Scarcely had he returned to London, when the news arrived of commotions in Boston, occasioned by Mr. Townshend's revenue act, and by the laws for establishing commissioners of the customs in America, and making the salaries of governors, judges, and other officers, dependent on the crown. These acts of Parliament the Bostonians regarded as a continuation of the same oppressive system, which had commenced with the Stamp Act, and which it had been fondly hoped would cease with its repeal. Disappointed and indignant, they assembled in town meeting, and passed a series of spirited resolutions, recommending that all prudent and lawful measures should be taken for the encouragement of industry, economy, and domestic manufactures. A paper was drawn up, and circulated among the inhabitants for their signature, by which they engaged to promote the use and consumption of American manufactures, and, after a stated time, not to purchase certain enumerated articles, which had been imported from abroad.

These proceedings gave great offence to the ministerial party in England, and some uneasiness to the friends of the colonies. The former represented them as intentionally disrespectful to Parliament, and little short of rebellion; and the latter thought them ill timed and injudicious. They were generally condemned by all parties. To calm the excitement, and to draw public attention to the true grounds of the controversy, Dr. Franklin wrote a paper, entitled Causes of the America Discontents before 1768. This was published in, the London Chronicle. But the editor took great liberties with the manuscript, omitting and altering to suit his humor. "He has drawn the teeth and pared the nails of my paper," said Franklin, "so that it can neither scratch nor bite; it seems only to paw and mumble."

It was, nevertheless, extremely well adapted to the occasion, being written with the author's peculiar felicity of style, and in a tone of moderation and fairness, which could not fail to win the favorable opinion even of those, who were resolved not to be convinced. The causes of all the late troubles in the colonies are traced from their origin, and stated with so much clearness and method, as to place the subject in its full force before the reader's mind. The Boston resolutions are not directly brought into view; yet the complaints of the colonists and the reasons for those complaints are so explained, as to make it evident, that the conduct of the Bostonians was a natural consequence of the aggressions of the British government, and such as ought to have been expected from a people jealous of their rights, and nurtured in the atmosphere of freedom.

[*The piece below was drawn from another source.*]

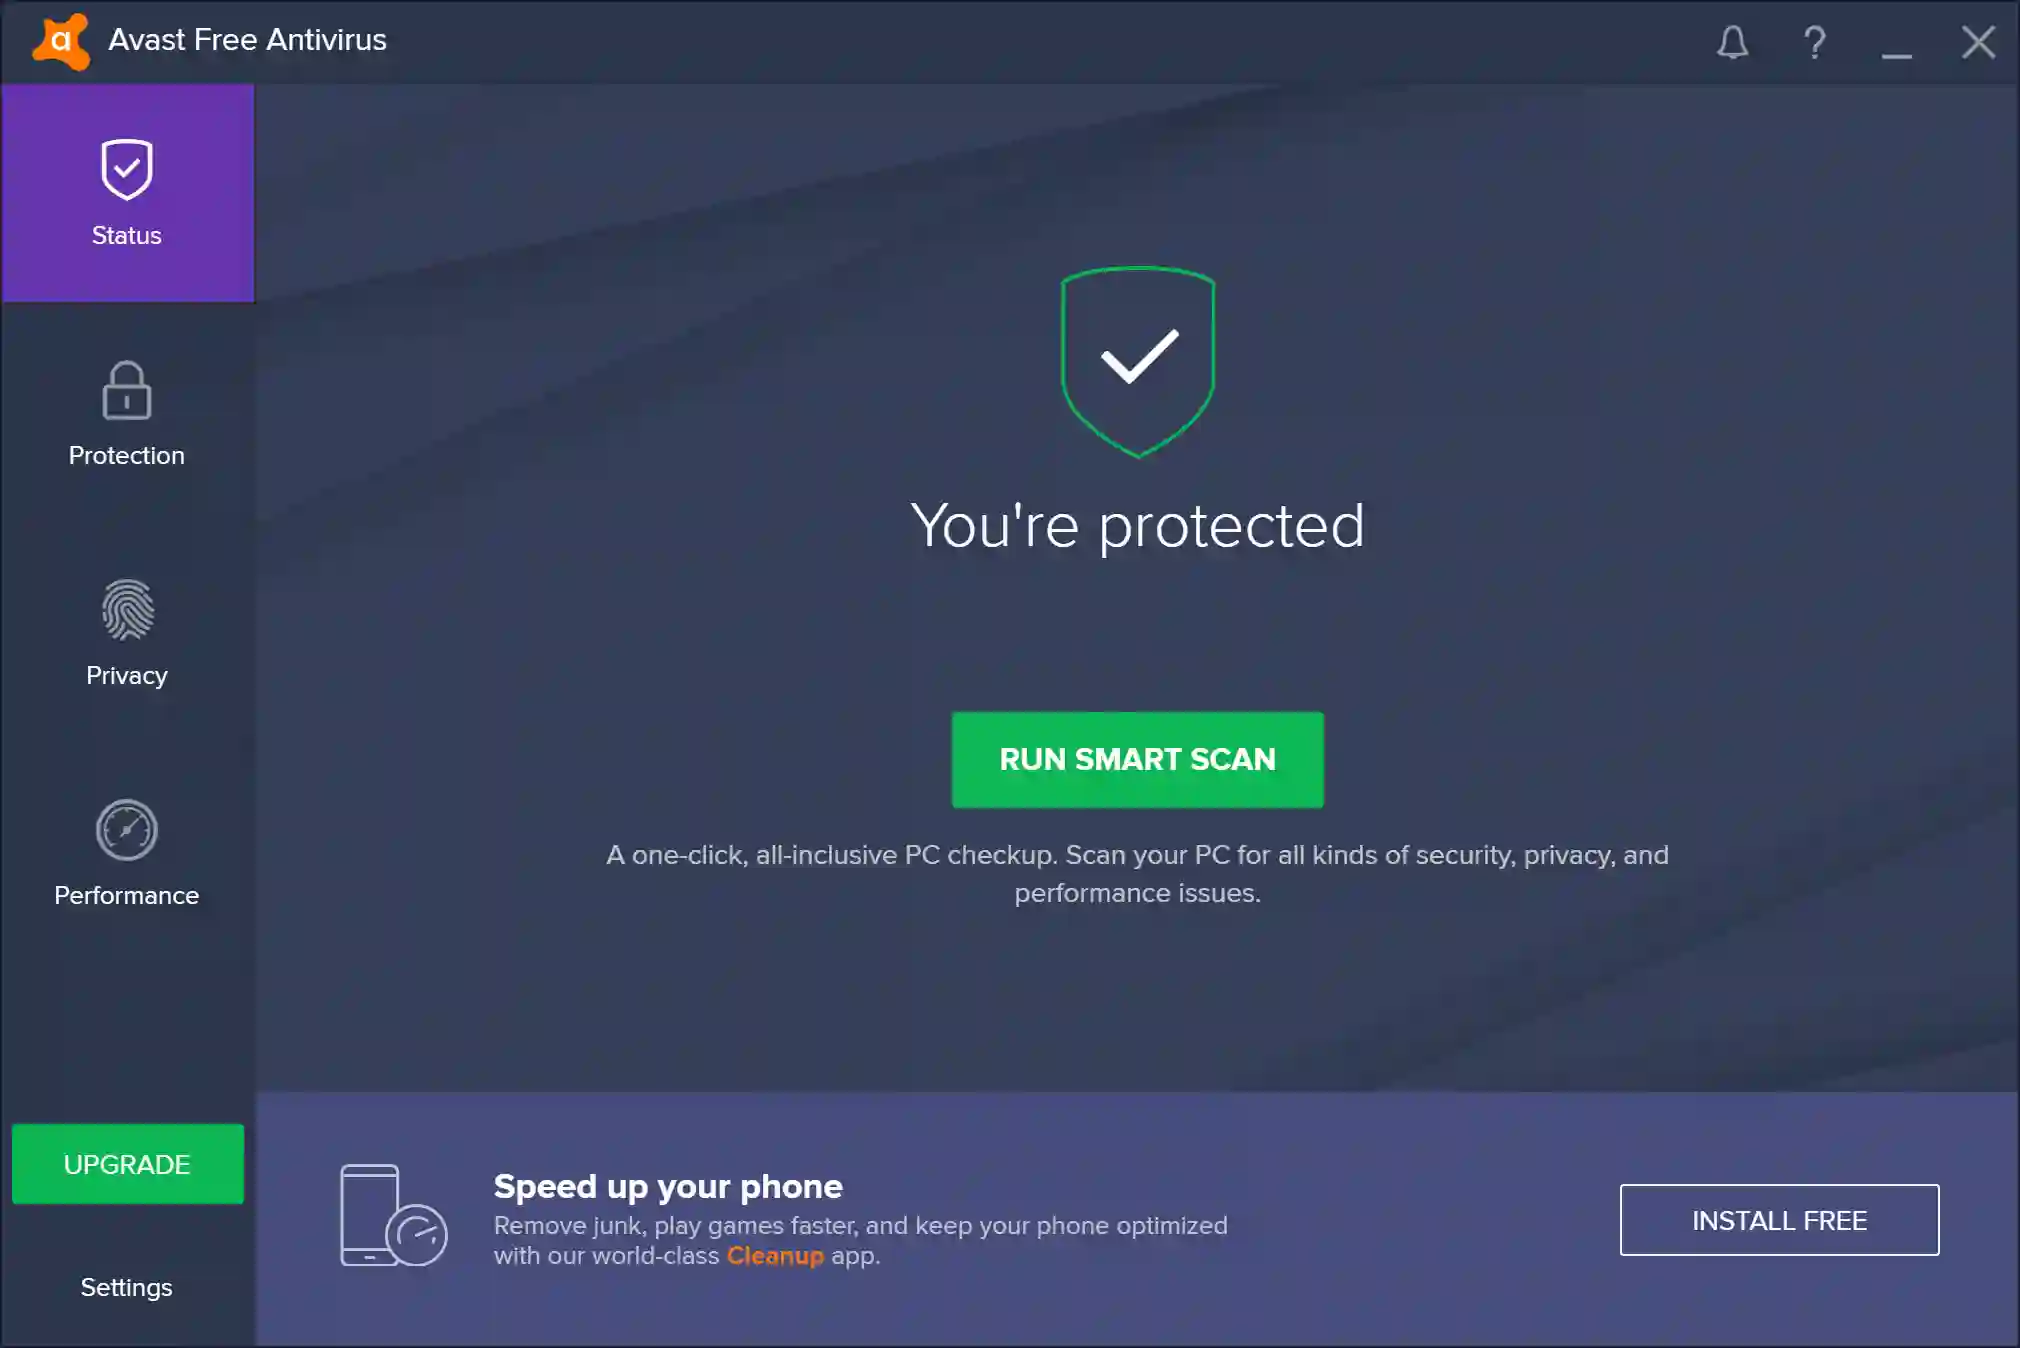 Is Avast Good for Mac?

The example of Boston was speedily followed by the whole continent.

About this time, also, Dr. Franklin published his excellent pieces against Smuggling, and on the Laboring Poor, designed to correct practical, abuses and errors of opinion then prevalent in England.

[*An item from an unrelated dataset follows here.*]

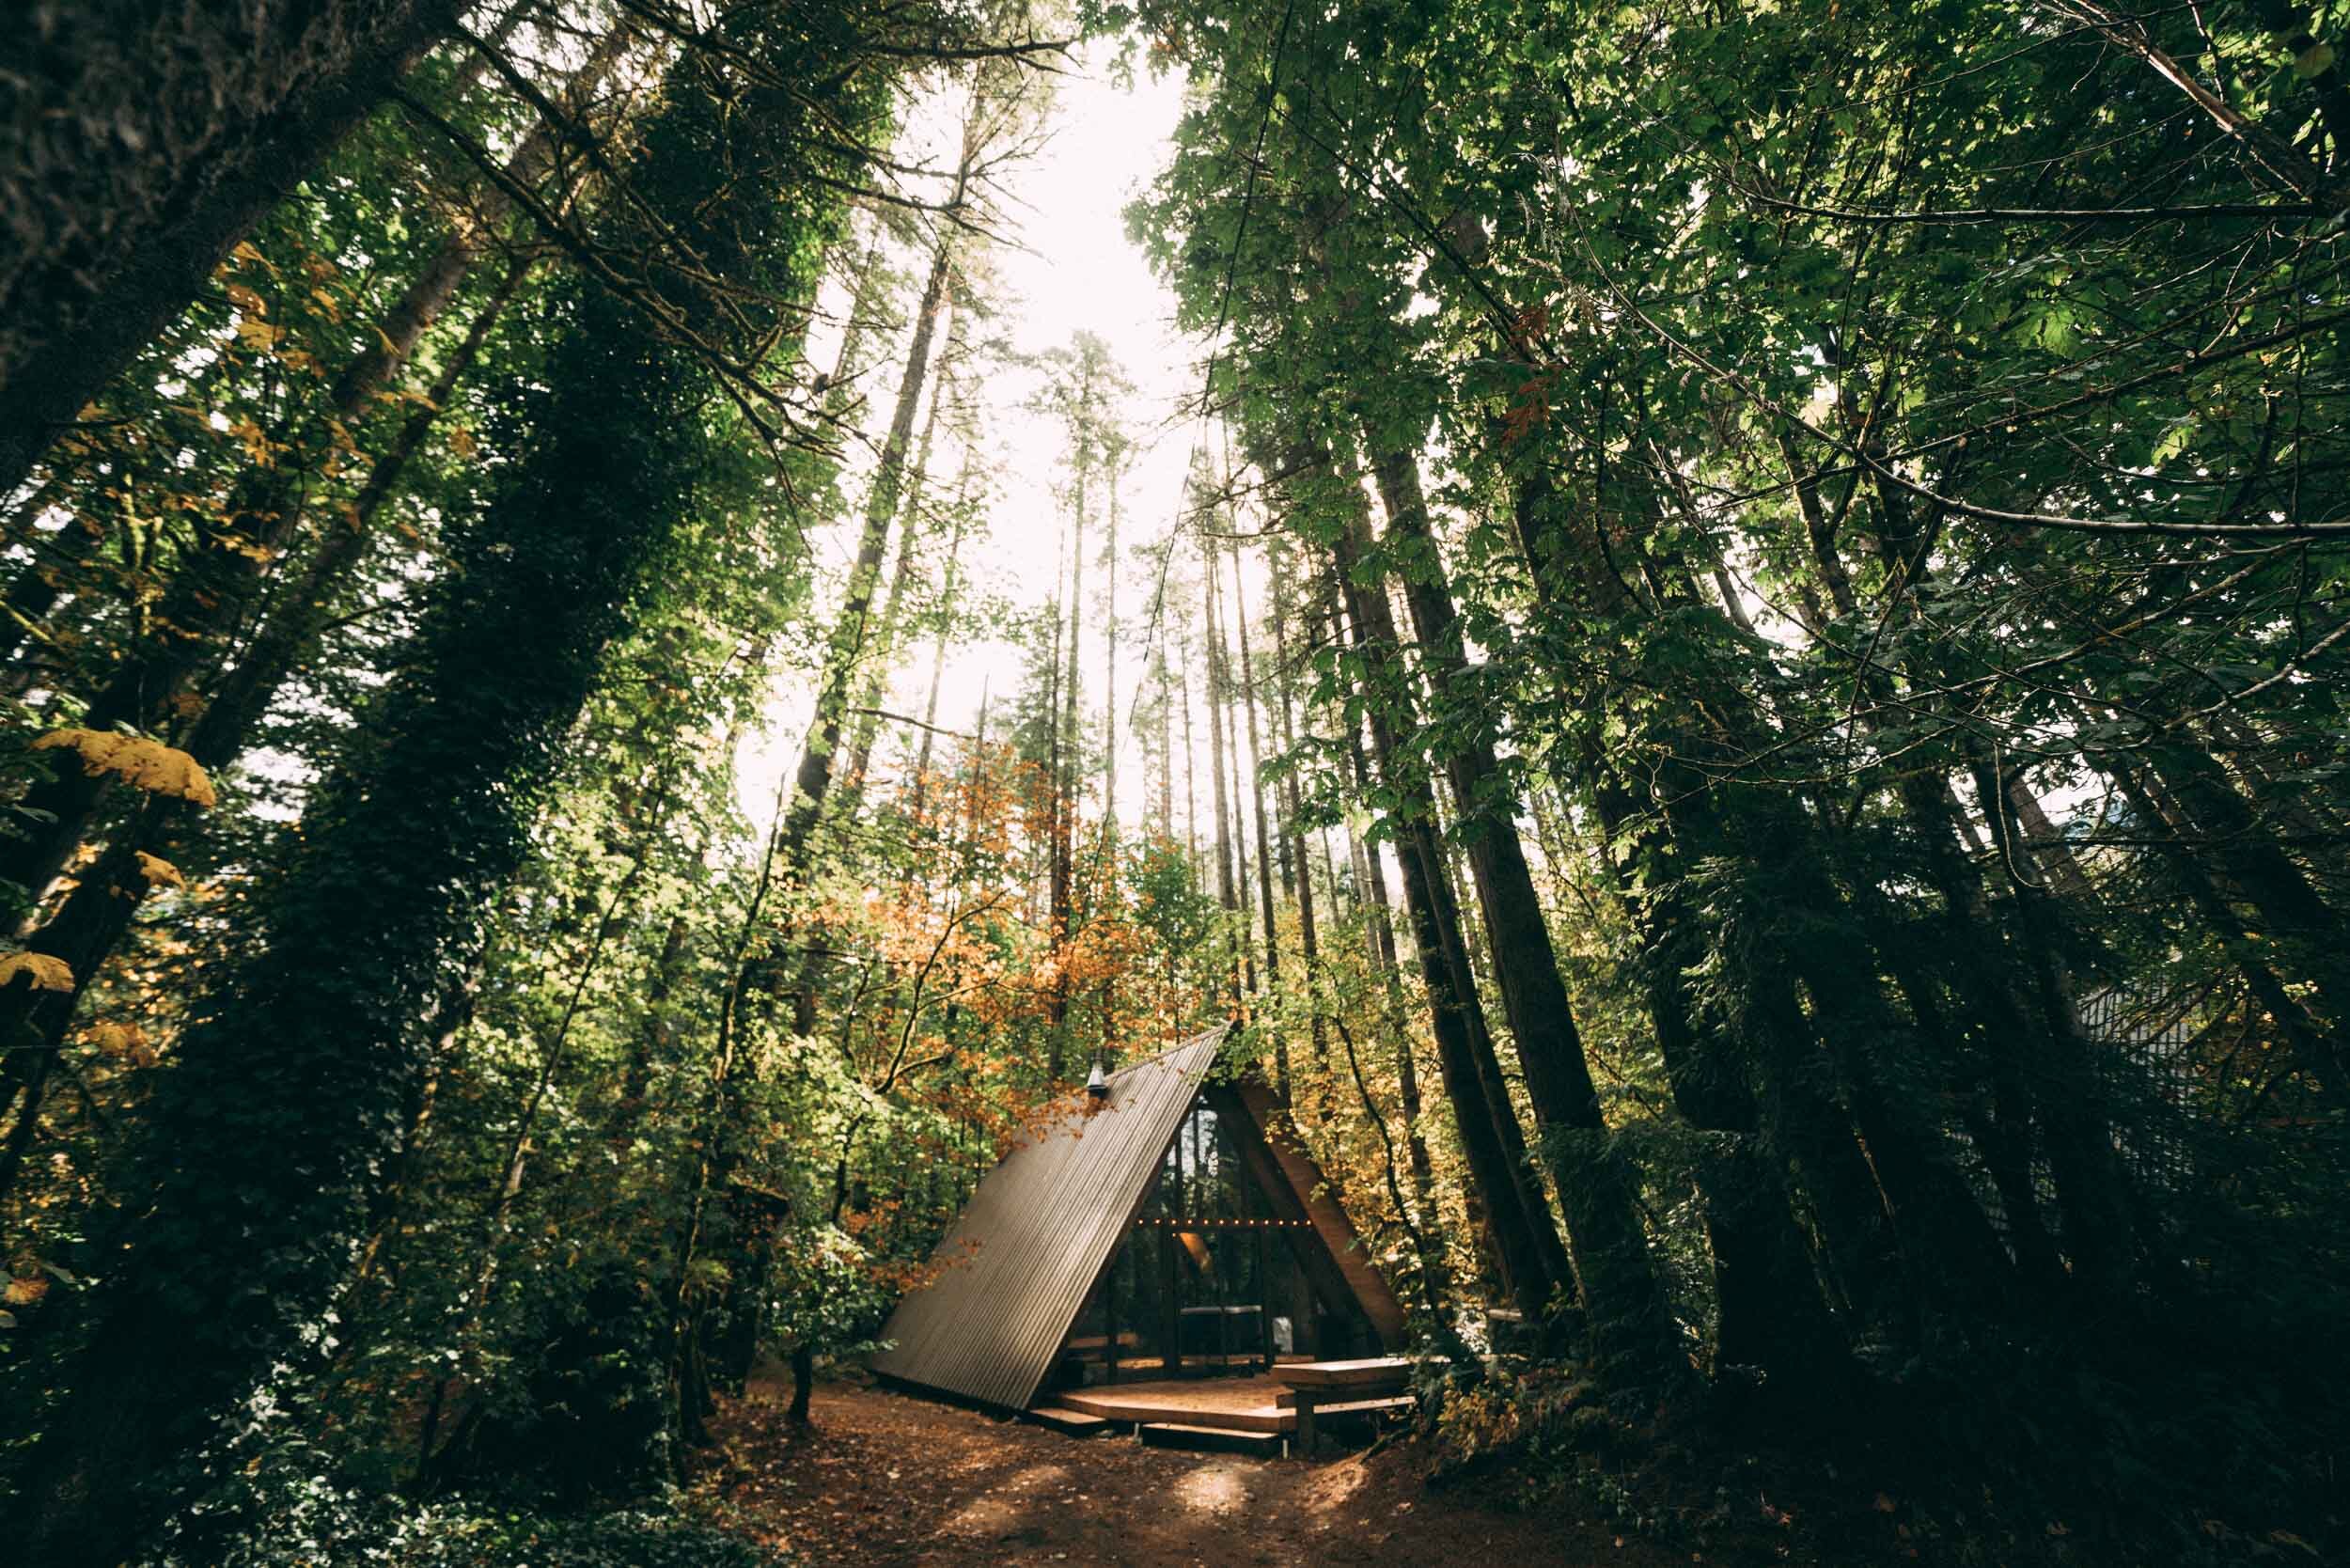 Sky Hous is one of three picturesque A-frame cabins owned by the Tye River Cabin Co. just outside of Skykomish, WA.

At the beginning of the year 1768, there was a change in the ministry. The American business had been in the charge of Lord Shelburne, but it was now transferred to Lord Hillsborough, as secretary of State for America, this being made a distinct department. He was likewise placed at the head of the Board of Trade. In these stations he had so large a control over the affairs of the colonies, that almost every thing depended on his dispositions towards them. He was accounted a man of integrity and honest purposes, but too fond of his own opinions, and obstinate in carrying out his schemes. It was not known that be had any special hostility to the colonies, yet the American agents regarded his appointment as by no means auspicious to the interests of their countrymen. His general character gave a countenance to this apprehension, and his conduct in his office proved it not to be groundless.

At first, however, he was courteous to the American agents, and seemed to listen to their representations with some degree of favor. To Dr. Franklin, in particular, he showed much civility, conversed with him often on American affairs, and professed to have great respect for his opinions. This circumstance, probably, gave rise to the report, that some office was to be offered to him in his Lordship's department. Alluding to this subject, Franklin writes; "I am told there has been a talk of getting me appointed undersecretary to Lord Hillsborough; but with little likelihood, as it is a settled point here, that I am too much an American." An indirect overture was made to him, nevertheless, at the instance of the Duke of Grafton, by which it would appear, that there was a project for taking away from him the place of postmaster-general of the colonies, and appointing him to some office under the government.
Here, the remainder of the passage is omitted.